In the following cases, distinguish those that respond to a complete induction and those that respond to an incomplete one. Conjecture if you do not know.

1. All members of the cabinet have university degrees.

2. Soccer is the favorite sport of Costa Ricans.

3. The teachers of my school have a good training.

4. All men like to learn.

5. Americans love democracy.

6. All members of Congress and the Executive Branch fulfill diligently their duties.

7. The Sun will rise tomorrow. It has always done so.

8. Most students from this class enjoy this subject matter.

Indicate which kind of condition each one of the following statements uses.

1. The cost of living will rise if taxes are increased.

2. Only if agrarian reform is introduced, Latin American campesinos will gain complete economic independence and dignity.

3. We will obtain a real reform in our high school education, if and only if the preparation level of our teachers is considerably raised.

4. If the family environment of marginal people is ameliorated, juvenile delinquency will certainly diminish.

5. Malaria will disappear from the world only if pest control is systematically maintained.

6. Third World youth will lead a productive life once it is offered a real opportunity to participate actively in the integral development of their countries.

Make a detailed analysis of the following texts and paragraphs, pointing out facts that serve as evidence, hypotheses formulated, their verification, applications of Mill’s methods, etc.
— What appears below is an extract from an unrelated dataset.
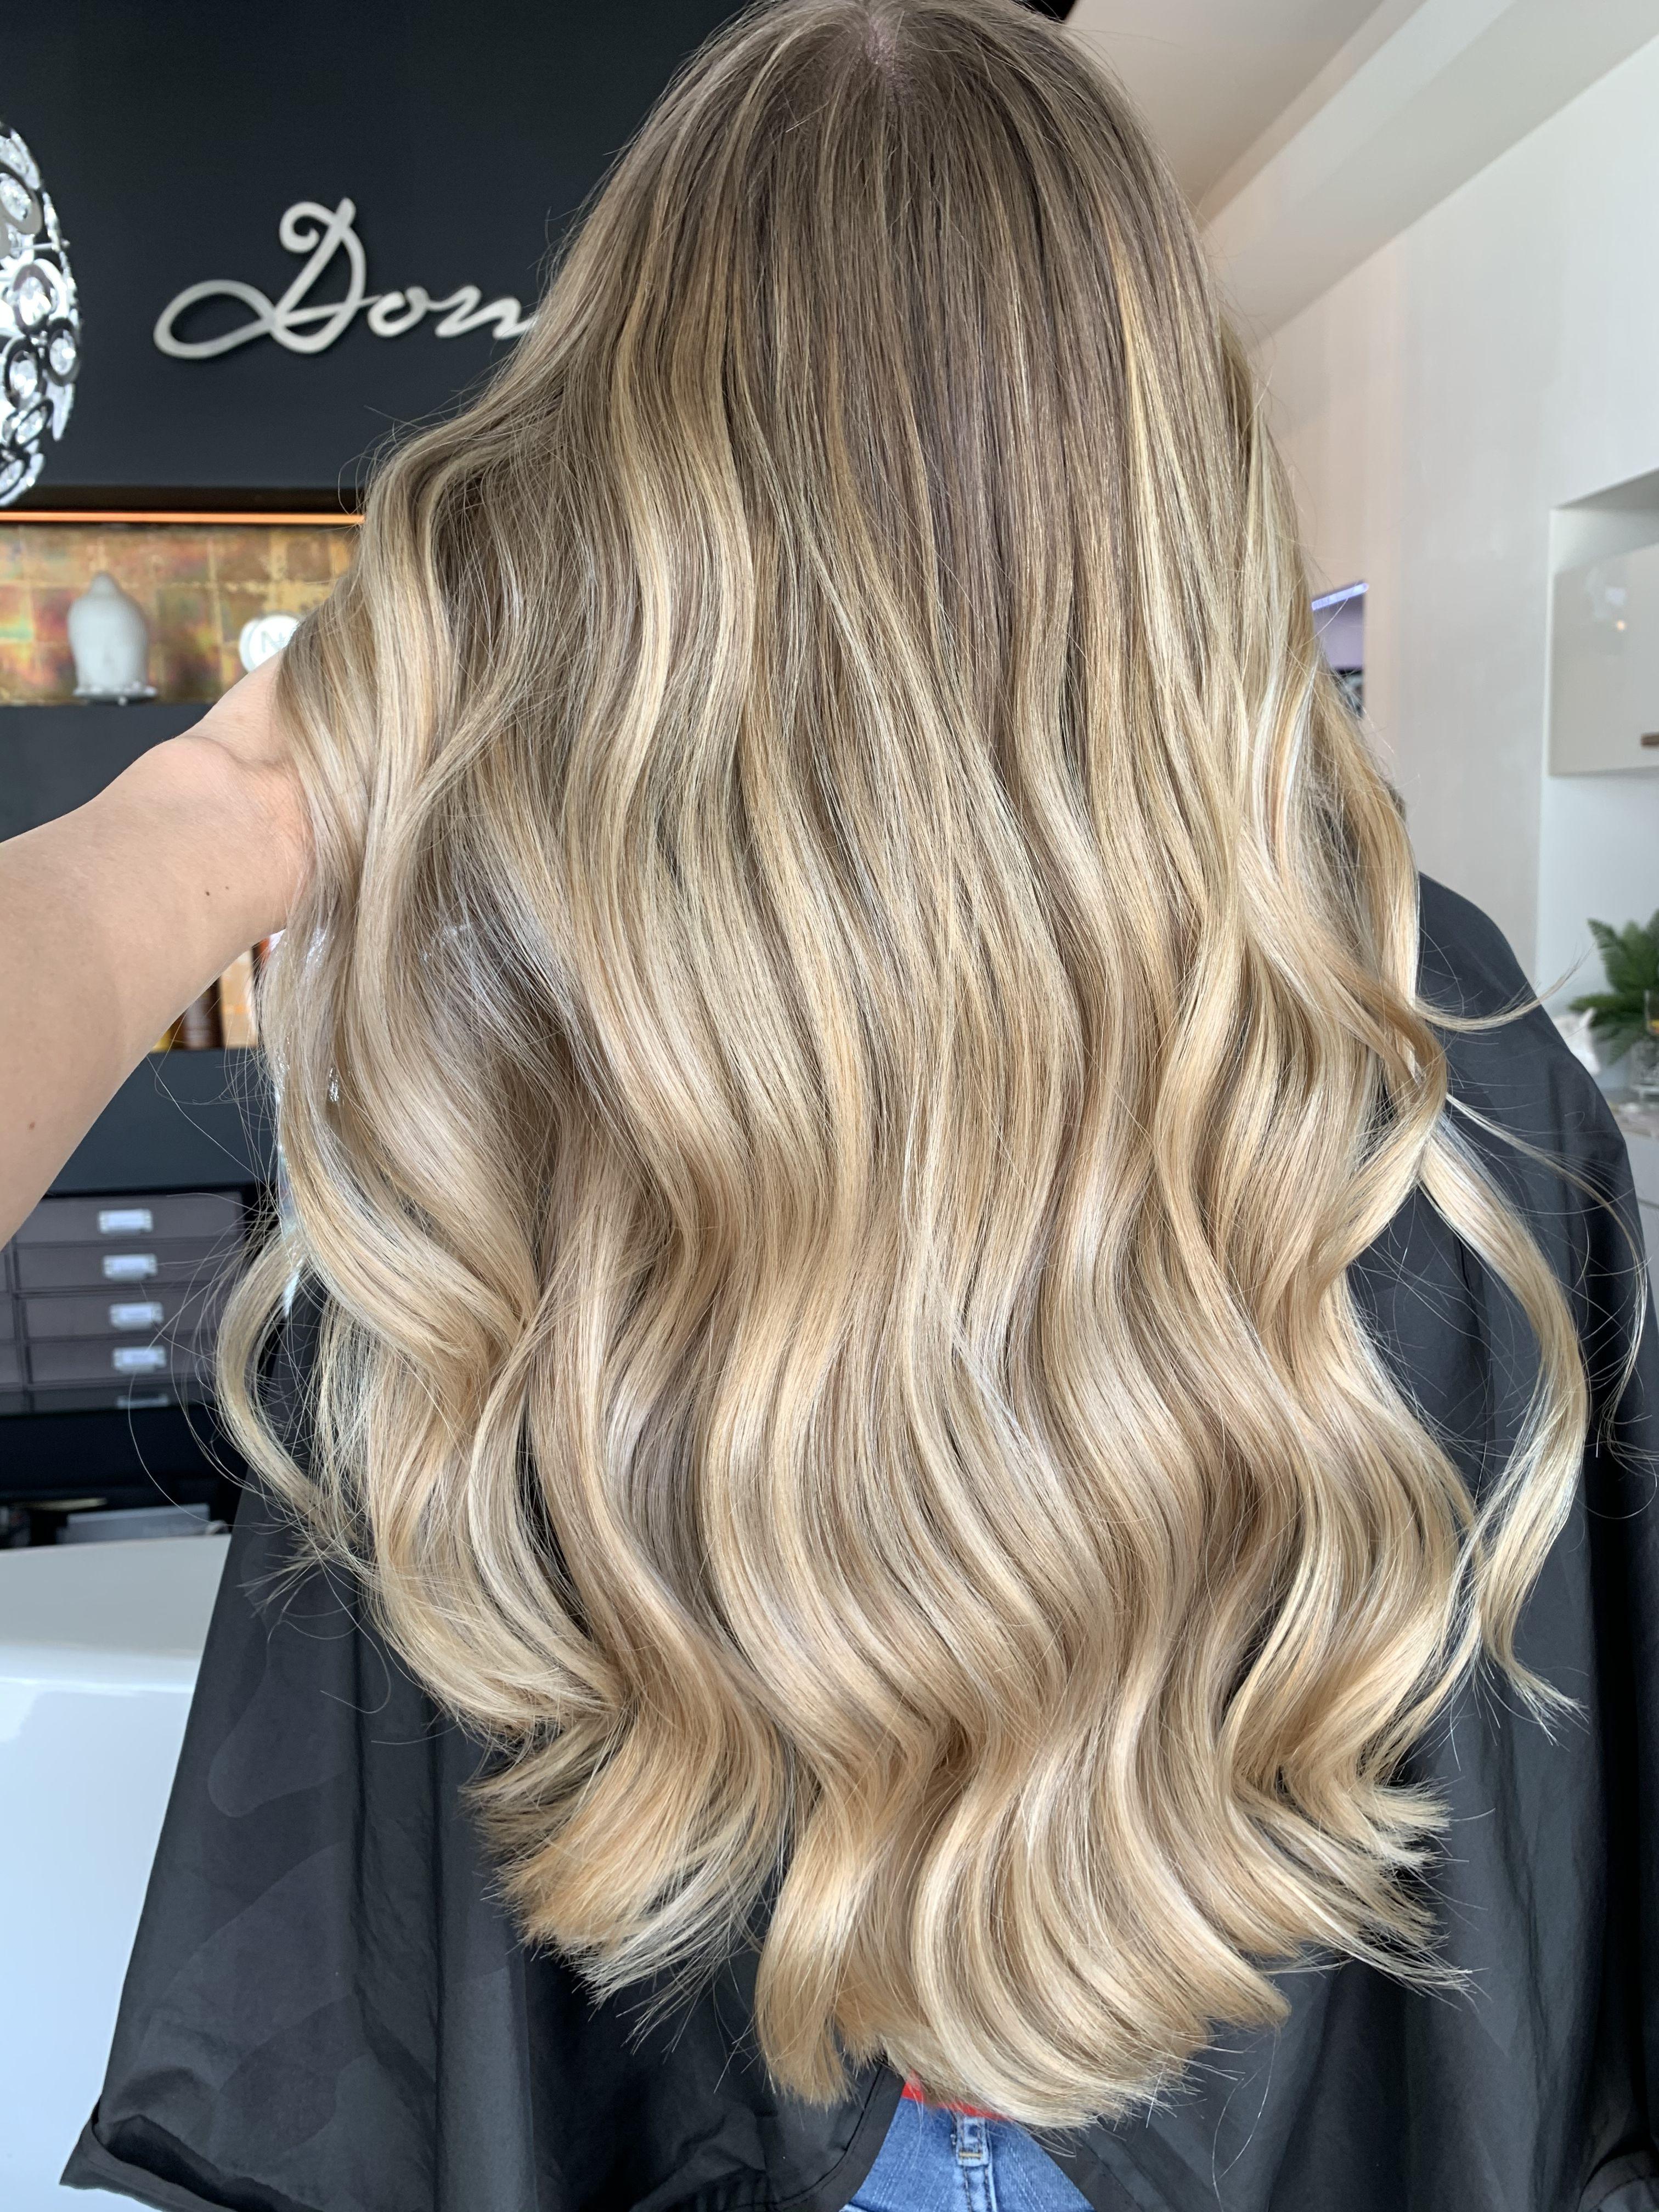 Long Blonde Hair Lange Blonde Haare Highlight Frisuren Frisuren Blond

1. “This association of touch and smell senses is very useful for the bees when visiting flowers. They often take their antennas near the flower, almost in contact with it, so that they can perceive even very weak smells. Likewise, if various parts of a flower have different odors, bees can distinguish and locate these separate portions in a very precise way. With this in mind, I asked myself if there could be guiding spots to the nectar not only to the eye but also to the sense of smell. It was a pleasure to find that in many flowers it was really so. In a narcissus, for instance, the yellow guide to the nectar is not only different in color to that of the white corolla but also has a different smell. If we separate the yellow parts of the flower from the white parts, and train the bees with one of the odors, they can exactly distinguish between the two. And even we are able to perceive the difference in smell easily once the parts have been separated, which we cannot do when the flower is whole, because the two odors mix before reaching our olfactory organs. Bees, with their sense of smell located in the surface of their antennae, can easily detect such differences and be directed to the nectar by these perfumed areas. Such perfumed spots also exist in other flowers. Sometimes, there is no difference in quality, but an increase of intensity in the smell around the entrance at bottom of the flower, where nectar is located.” (Karl von Frisch. Bees)

2. “The fortunate idea came to me to orient my crystals with reference to a plane perpendicular to the observer, and then I noticed that the confused mass of crystals of paratartrate could be divided into two groups according to the orientation of their facets of symmetry. In one group, the facet of symmetry nearer my body was inclined to my right with reference to the plane of orientation which I just mentioned, whereas the facet of asymmetry was inclined to my left in the other. The paratartrate appeared as a mixture of two kinds of crystals, some asymmetric to the right, some asymmetric to the left. A new and obvious idea soon occurred to me. These crystals asymmetric to the right, which I could separate manually from the others, exhibited an absolute identity of shape with those of the classical right tartrate.
   Pursuing my preconceived idea, in the logic of its deductions, I separated these right crystals from the crystallized paratartrate; I made the lead salt and isolated the acid; this acid appeared absolutely identical with the tartaric acid of grape, identical also in its action on polarized light. My happiness was even greater the day when, separating now from the paratartare the crystals with asymmetry at their left, and making their acid, I obtained a tartaric absolutely similar to the tartaric acid of grape, but with an opposite asymmetry, and also with an opposite action on light. Its shape was identical to that of the mirror image of the right tartaric acid and, other things being equal, it rotated light to the left as much in absolute amount as the other acid did it to the right.
   Finally, when I mixed solutions containing equal weights of the two acids, the mixture gave origin to a crystallized mass of paratartric acid, identical to the known paratartric acid.” (Pasteur. Cited by René Dubos in Pasteur and Modern Science)
   

3. “Two light emitting points, located near each other, over the same vertical line, are kindled at the same instant, in front of a revolving mirror. The rays emitted from the top reach the mirror after passing through a tube full of water; the rays from the bottom reach the mirror without passing through any mean, but air. We assume that, as seen by the observer, the mirror revolves from right to left. If the theory of emission (particle theory) is correct, if light is matter, the upper point will seem to be at the left hand side of the bottom point (after its reflection through the revolving mirror); it will seem to be at its right if, on the contrary, light is the result of propagated vibrations through an ethereal mean… Does the image of the upper point appear at the left of the other? Light is a body. Does the reverse occur? The image of the upper point appears at the right? Light is an undulation. When Foucalt carried out the experiment, he found that the image of the upper point appeared on the right.” (Philipp Frank. Philosophy of Science)

Offer two valid and two invalid applications of Mill’s methods.